Data section:
┄┄┄┄┄┄┄┄┄┄

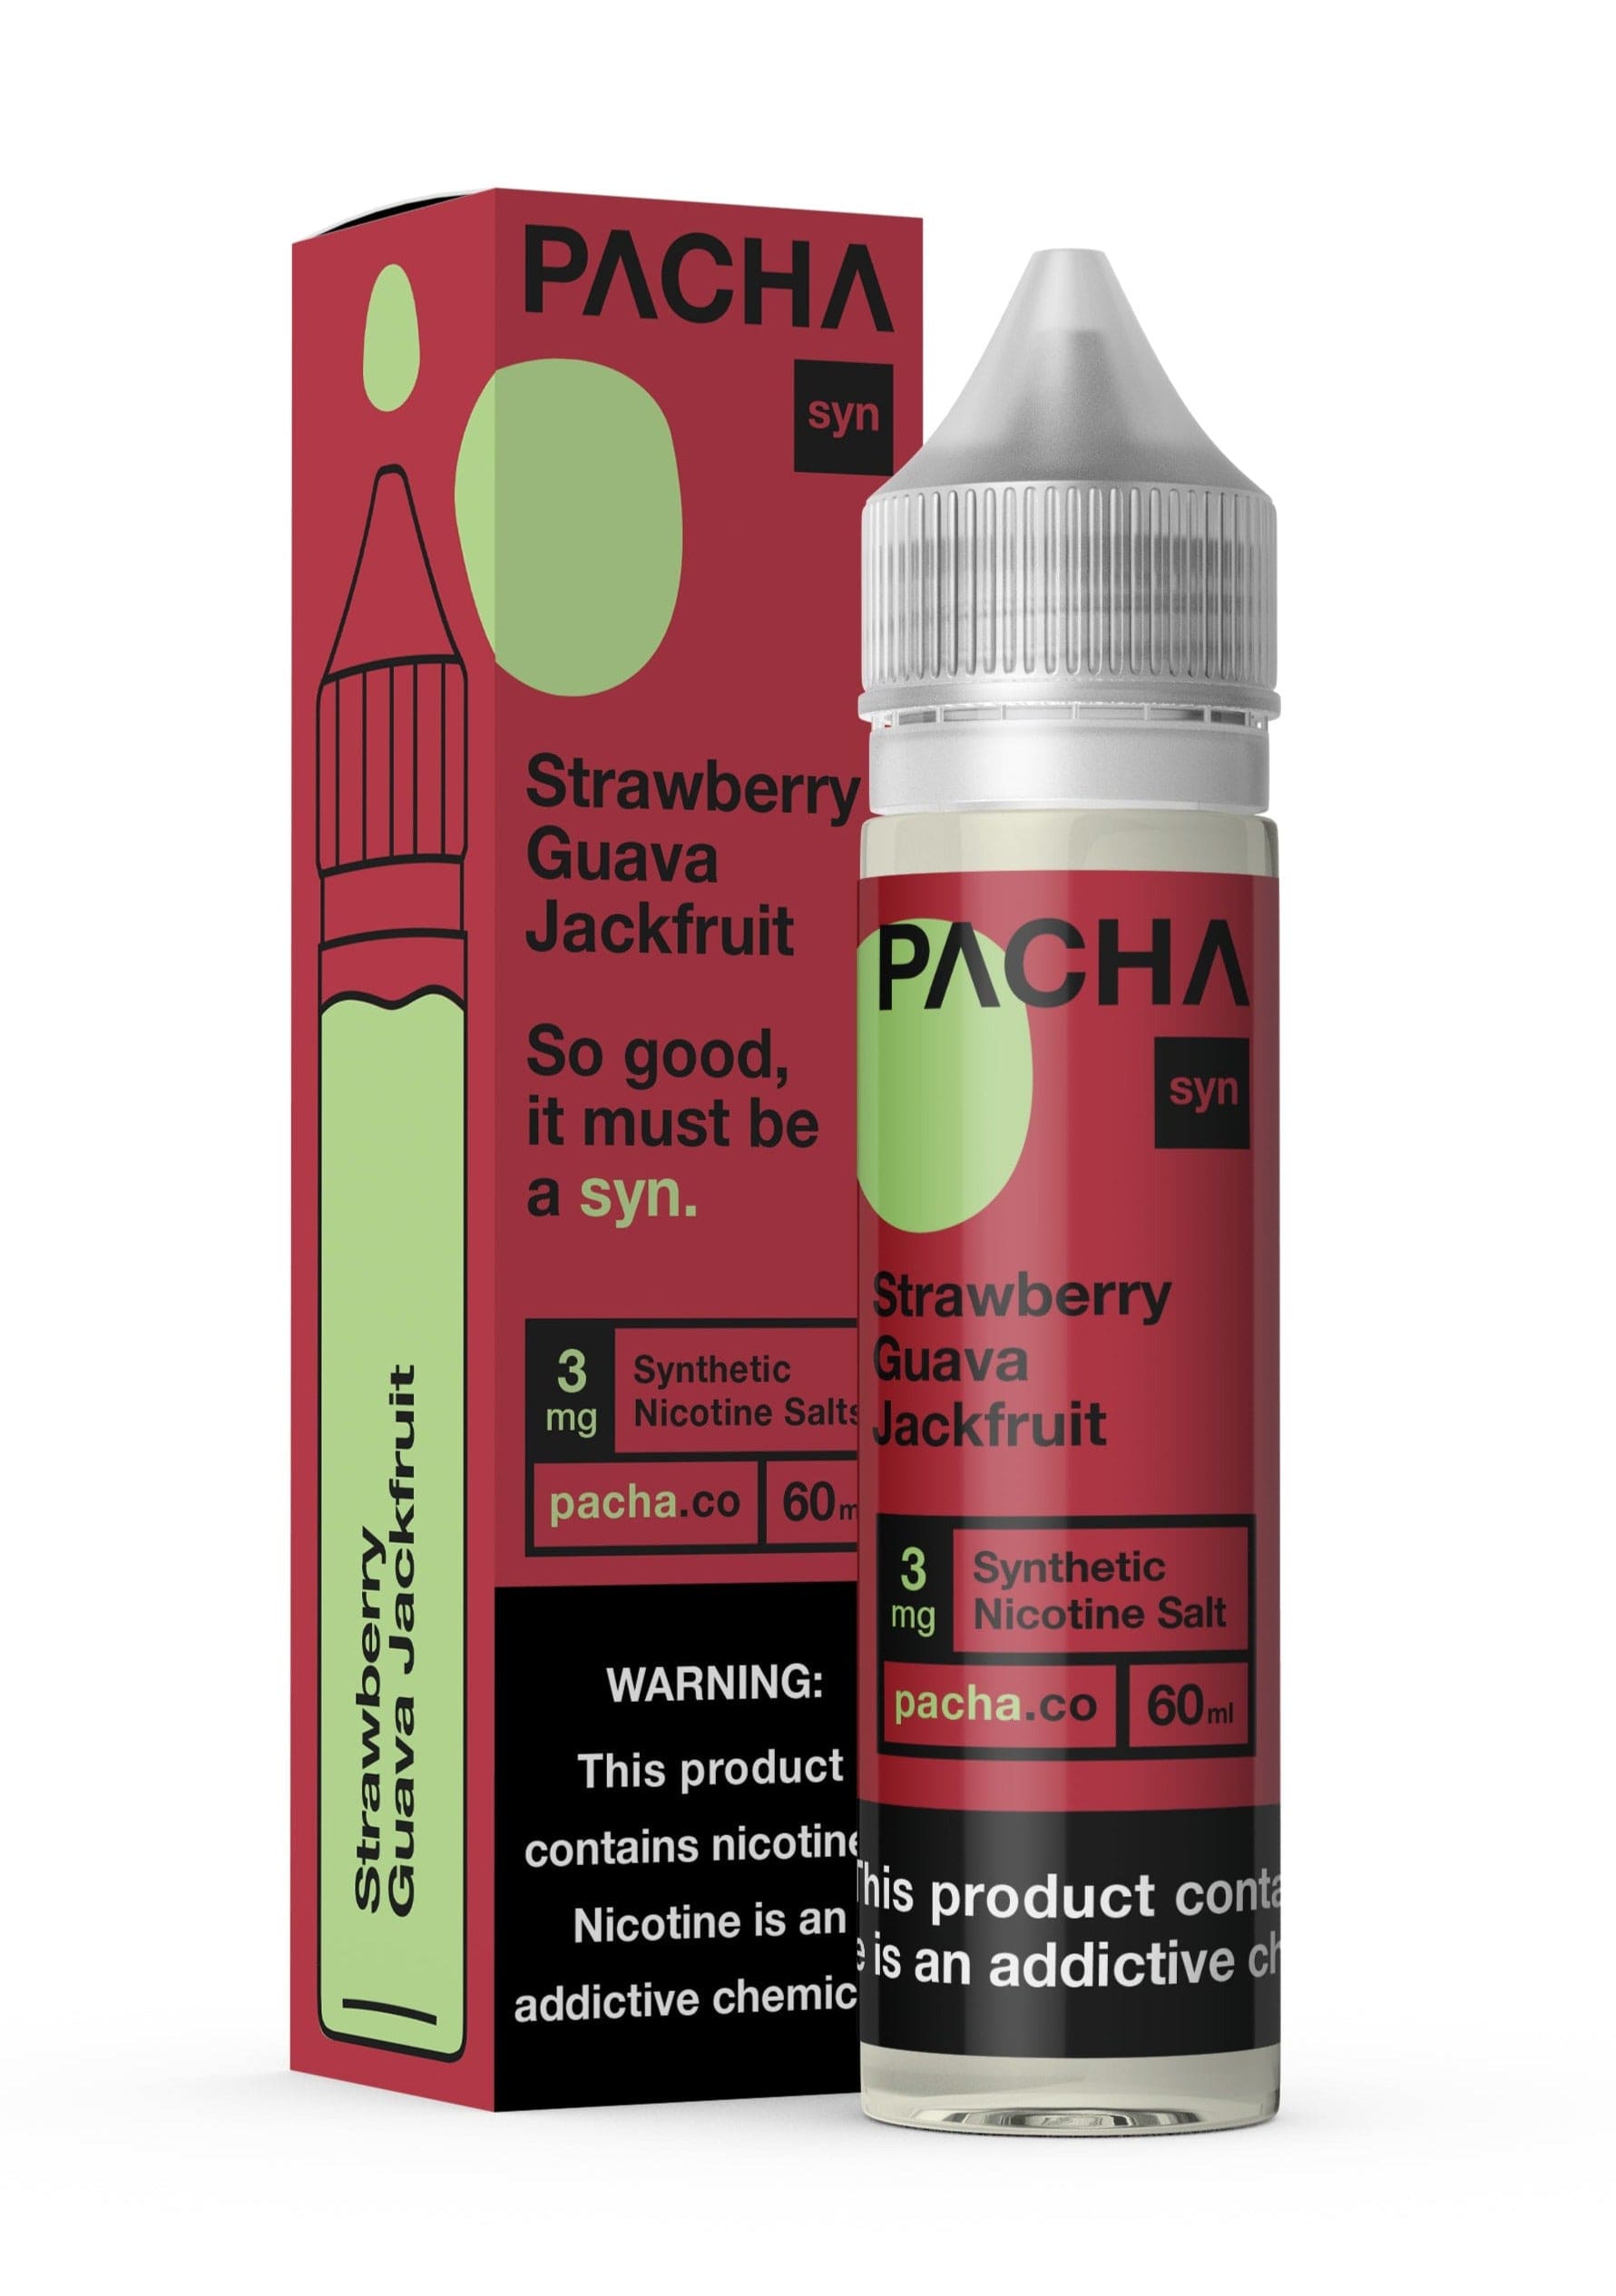 Pacha Syn Strawberry Guava and Jackfruit 60ml Vape Juice
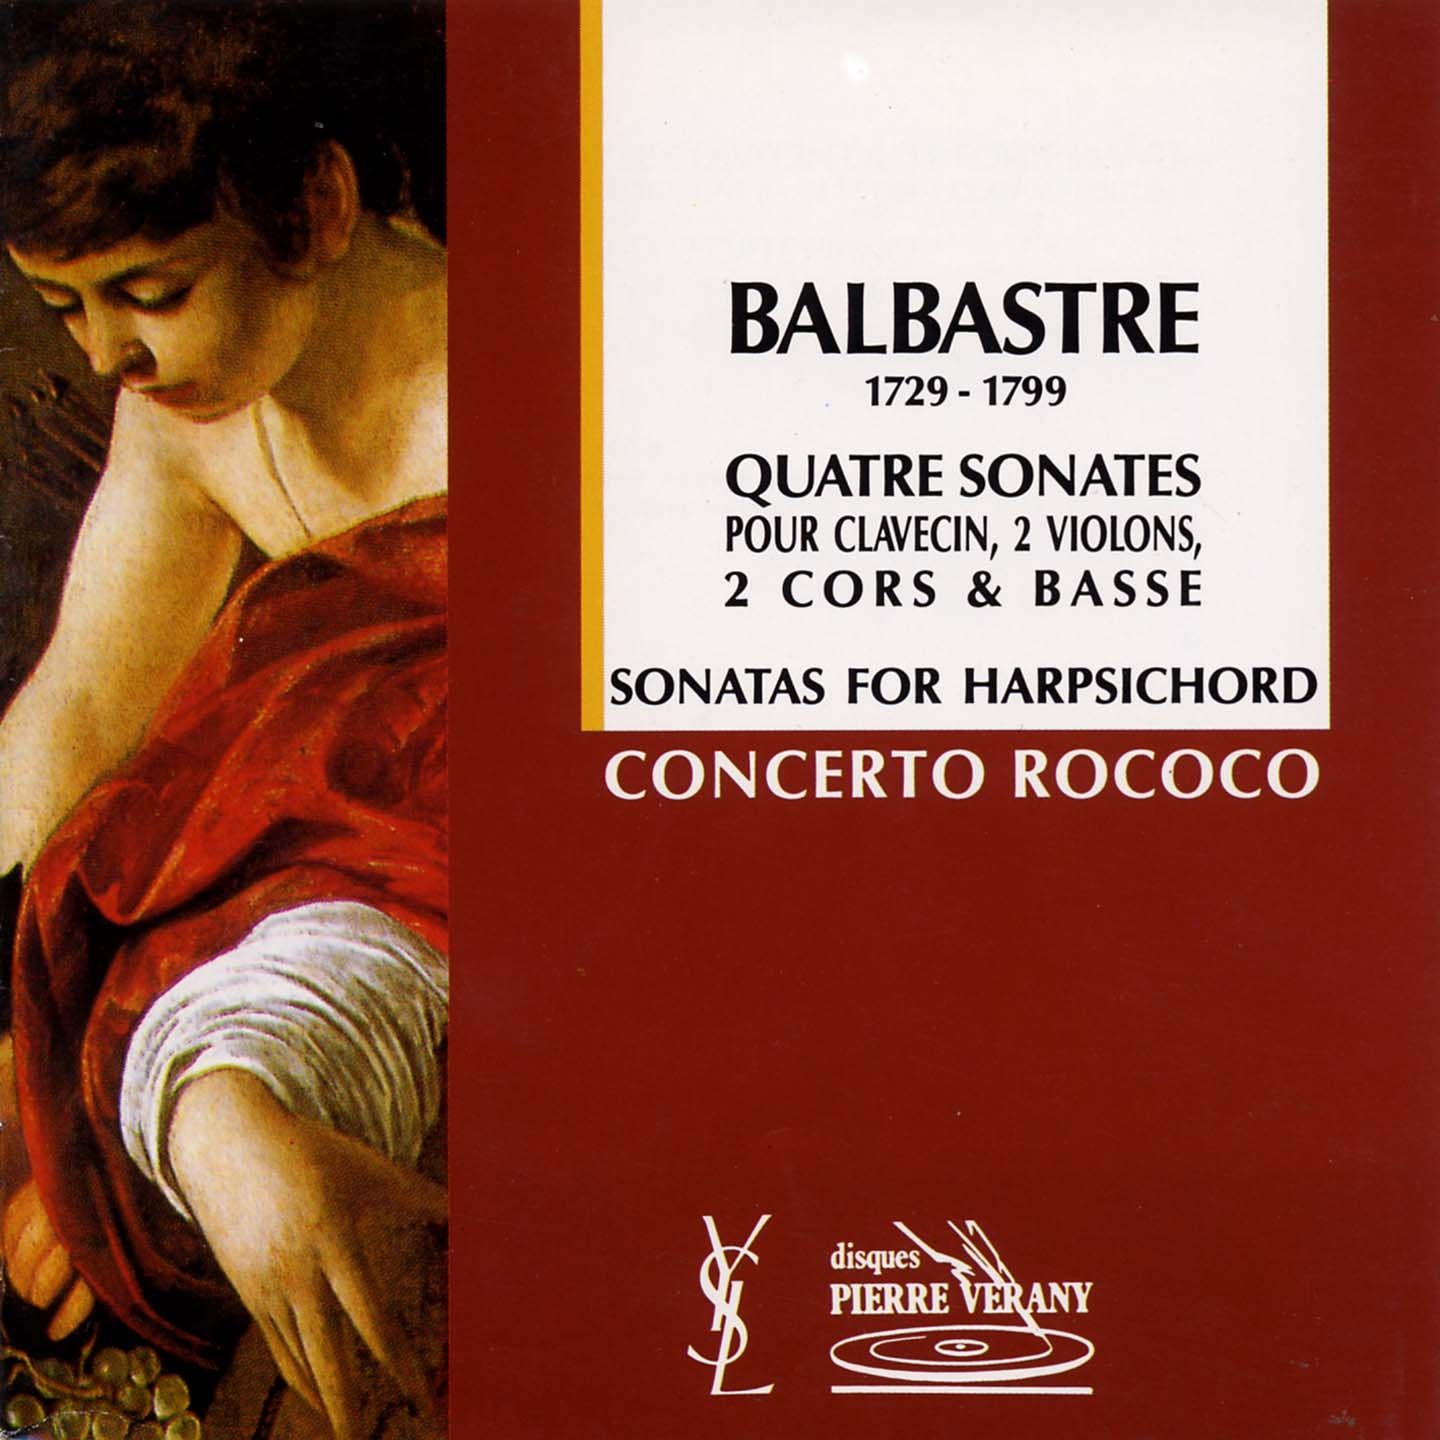 Balbastre - Quatre sonates pour clavecin, 2 violons, 2 cors & basse - Le Concerto Rococo
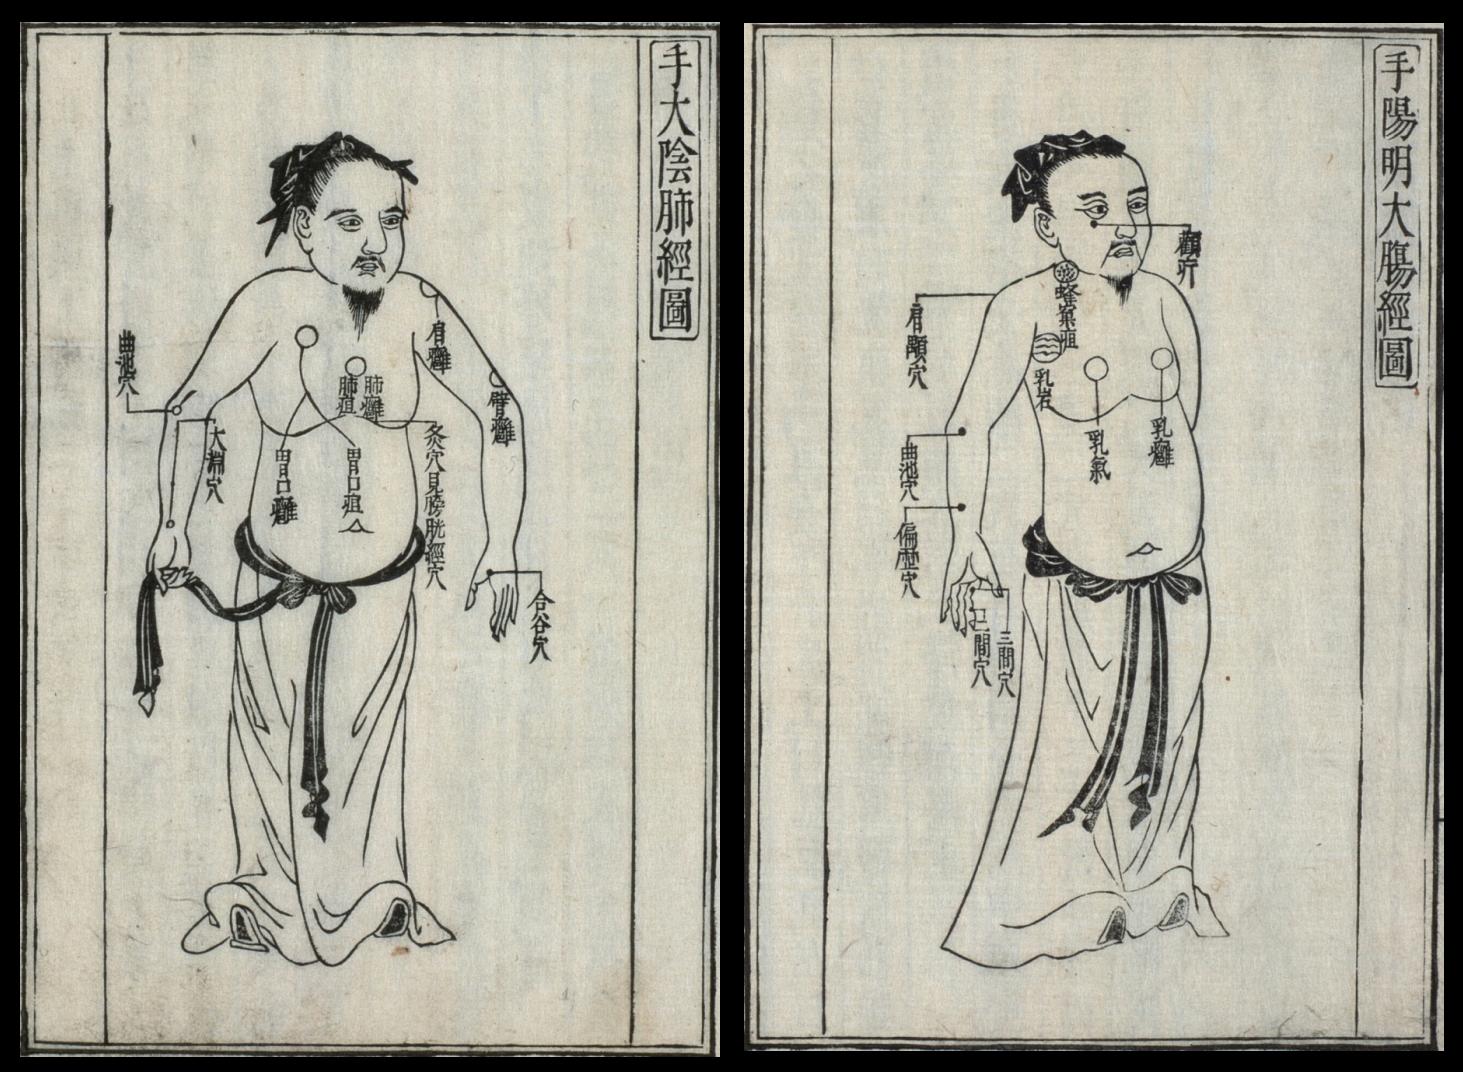 historic Japanese medicine - 2 frontal body views

┄┄┄┄┄┄┄┄┄┄

About this exercise:
Reproduce exactly, and only, the lines that begin at the one containing "Balbastre - Quatre" and end with the final line of the data, both included, while omitting every picture.

Answer space:
 Balbastre - Quatre sonates pour clavecin, 2 violons, 2 cors & basse - Le Concerto Rococo
 historic Japanese medicine - 2 frontal body views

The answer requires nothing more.